In Passing: Douglas Allen Lane

In Passing: Douglas Allen LaneIt is with broken hearts that we announce the sudden passing of Douglas Allen Lane on January 6, 2016. Born in Calgary on July 29, 1951, Doug graduated in 1969 from Ernest Manning High School and went on to obtain his Bachelor of Architecture from Montana State University in 1976. He resided briefly in Christchurch, New Zealand before moving to Kelowna in 1977.

Doug was a project architect with well-known firm, Woodworth, Ulrich, & Frie Architects, and spent four years designing boats for Three Buoys Houseboats – even attending the Westlawn School of Architecture Design in Connecticut. He opened his own architecture practice, Water Street Architecture, in 1993 specializing in health care, commercial, industrial and multi-residential design.
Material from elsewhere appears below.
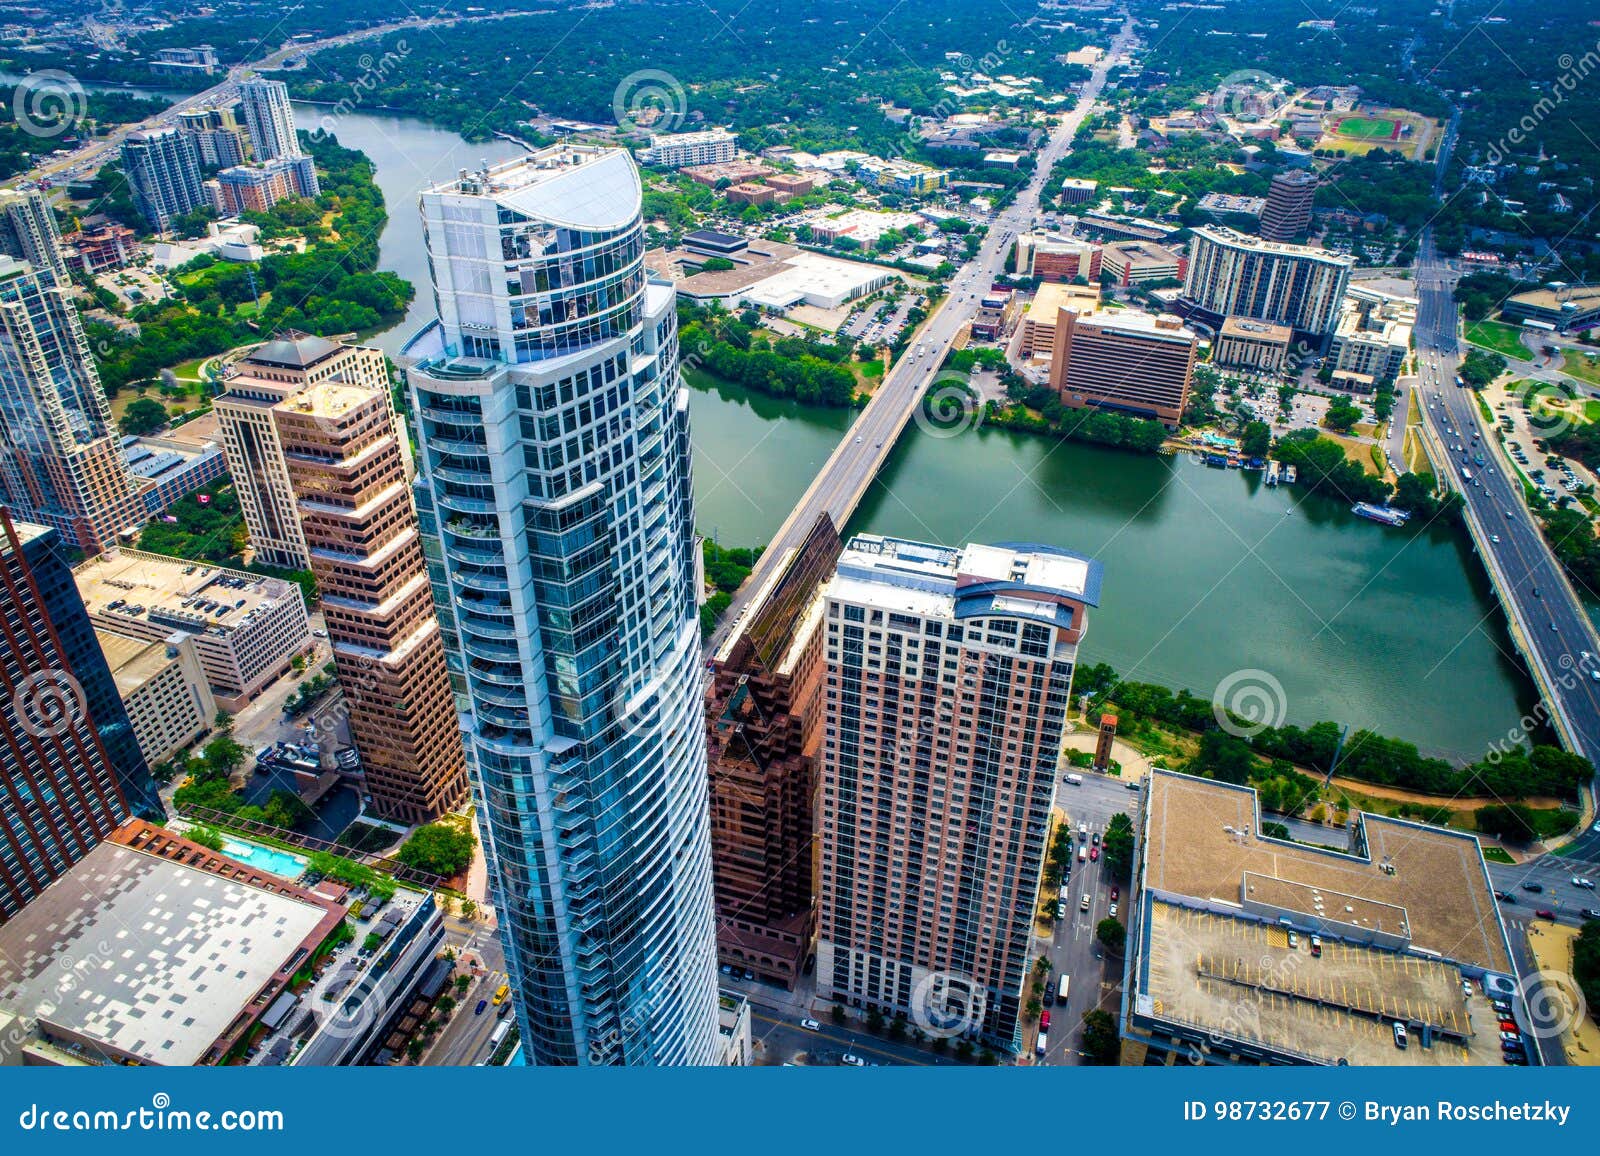 High Above Austin Texas Tallest Tower Looking Down Congress Avenue High Aerial  Drone View Stock Image - Image of aerial, tower: 98732677
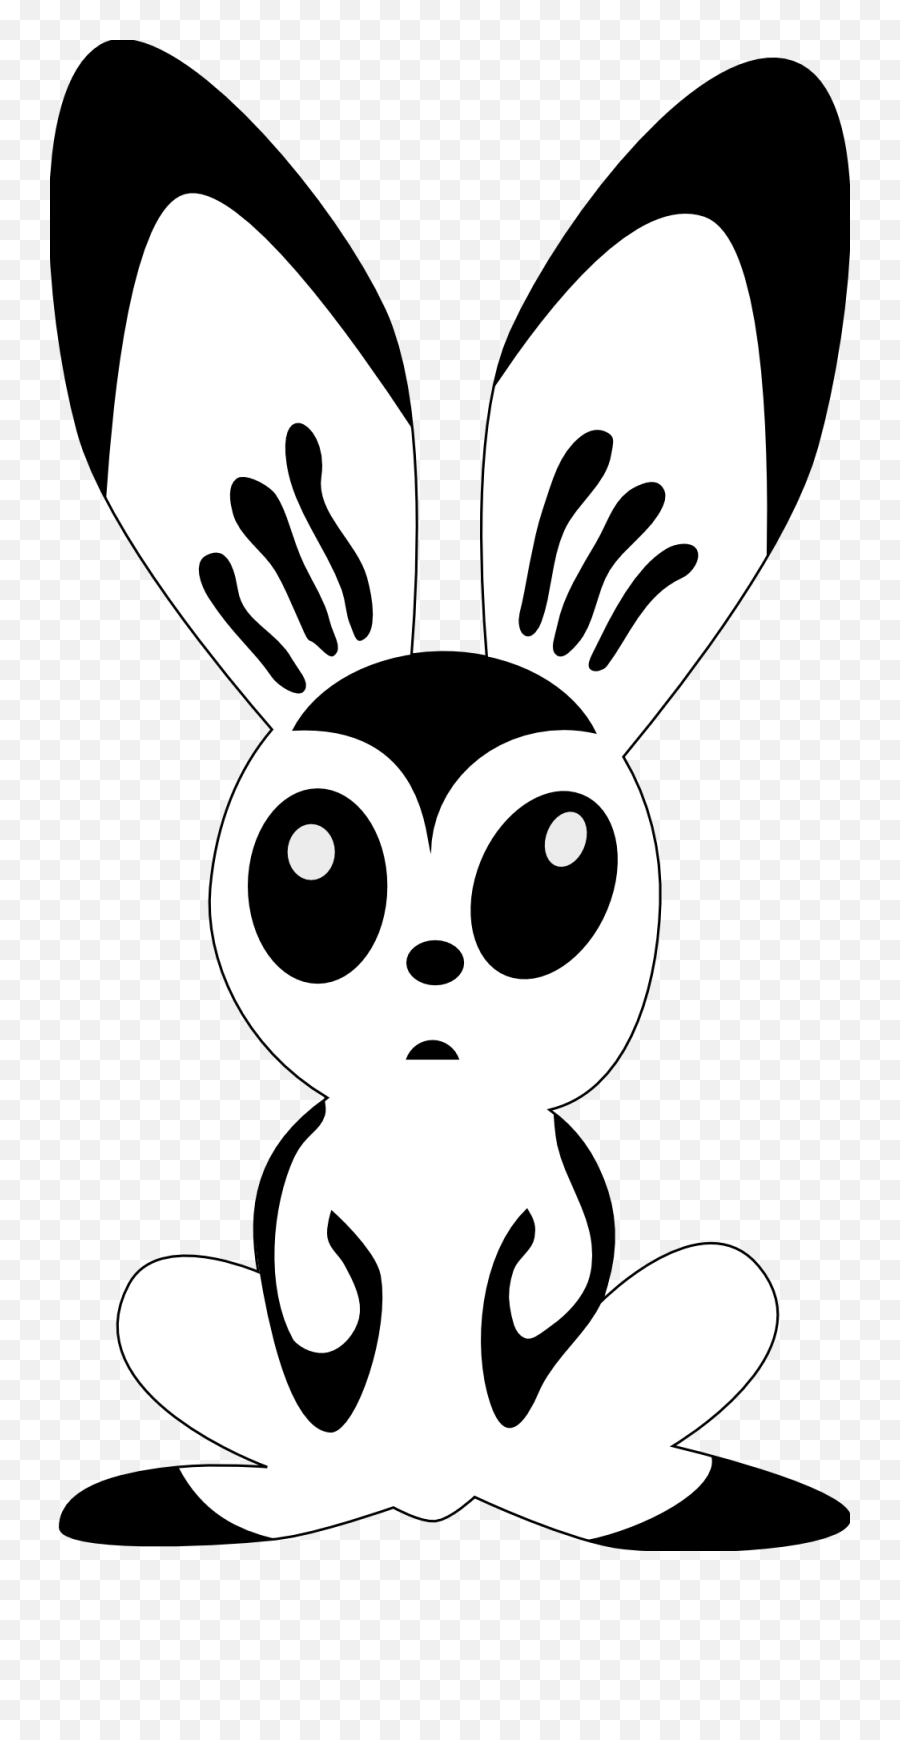 Download Clip Art Rabbit - Black And White Easter Bunny Bannicula Clipart Black And White Emoji,Bunny Clipart

Among the projects Water Street Architecture was responsible for over those 22 years were: the Regency Retirement Resorts which include Sandalwood, Missionwood, Westwood, Northwood and Southwood; The Landmark Centre, built by Stober Construction; Trapper’s Crossing at Big White; The Cannery Lofts by The Webster Group, and the BC Gas offices in Kelowna, Penticton and Kamloops. He won an Urban Development Institute Award of Excellence for the Kamloops BC Gas in 1996; and Thompson Okanagan Housing Awards for Sandalwood and Trapper’s Crossing.

Doug was a gifted artist and took an old-school approach to architecture for the duration of his career. He designed each original building concept meticulously by hand, employing AutoCad technicians to digitize his visions. It was not uncommon for Doug to sketch beautiful renderings on cocktail napkins or scrap pieces of paper before his clients’ eyes – often during meetings at Sturgeon Hall, which was next door to his first office and served as his “secondary office.”

Doug was a member of the Architectural Institute of British Columbia and the Royal Architectural Institute. He admired the work of famed American architect Frank Lloyd Wright and had a passion for Arts and Crafts and West Coast design.

While Doug worked hard, he also played hard. He was an athlete and his sport of choice was rugby. He played for the Kelowna Crows and was a member of the Central Okanagan Rugby Enthusiasts (CORE) until his death. Doug loved to travel. He enjoyed taking road trips, fishing excursions and getaways to Las Vegas, Mexico and the Caribbean. He had dreams of retiring to a tropical beach. Doug played the drums since high school and his Ludwig kit was a source of entertainment and relaxation. Doug loved vintage cars and was especially proud of his 1957 MGA.

Doug was compassionate, generous, tender hearted and genuine. And in his death, he gave the ultimate gift. He had a sudden a cardiac arrest on January 2 and never regained consciousness, but he was able to become an organ donor for five recipients with his kidneys, corneas and liver.

Doug leaves behind two bright and beautiful children, Caitlin and Brendan, whom he guided and watched develop into amazing, happy young adults who share his tender-hearted spirit. He became their friend as well as their parent and he was extremely proud of them both. He was predeceased in 2007 by his son Chad, whom he needed to continue parenting. He wasn’t done yet.

Doug is deeply missed by his life partner Julianna Masson (Jules), who is grateful for the 13 wonderful years they spent together. He is mourned by his father Harry; sister Val (John); brothers Tom (Darrelanne) and Rick (Cynthia); mother of his children Catherine Norris; and numerous nieces, nephews, extended family and countless friends.

He was predeceased by his warm and sociable mother Lorraine in 2011.

A celebration of Doug’s life will take place on Sunday, January 31, at Roses Waterfront Pub from noon to 4 pm. Rose Sexsmith was a life-long friend since elementary school. All are welcome to attend and share memories and “Dougisms.” It will be an informal drop-in affair with no set agenda – Doug always made it clear he just wanted his friends and loved ones to raise a glass (or two) in his honour when he was gone.

Dr. Seuss said it best. “Don’t cry because it’s over, smile because it happened.”

In lieu of flowers, Doug would appreciate donations on his behalf to the Canadian Diabetes Association.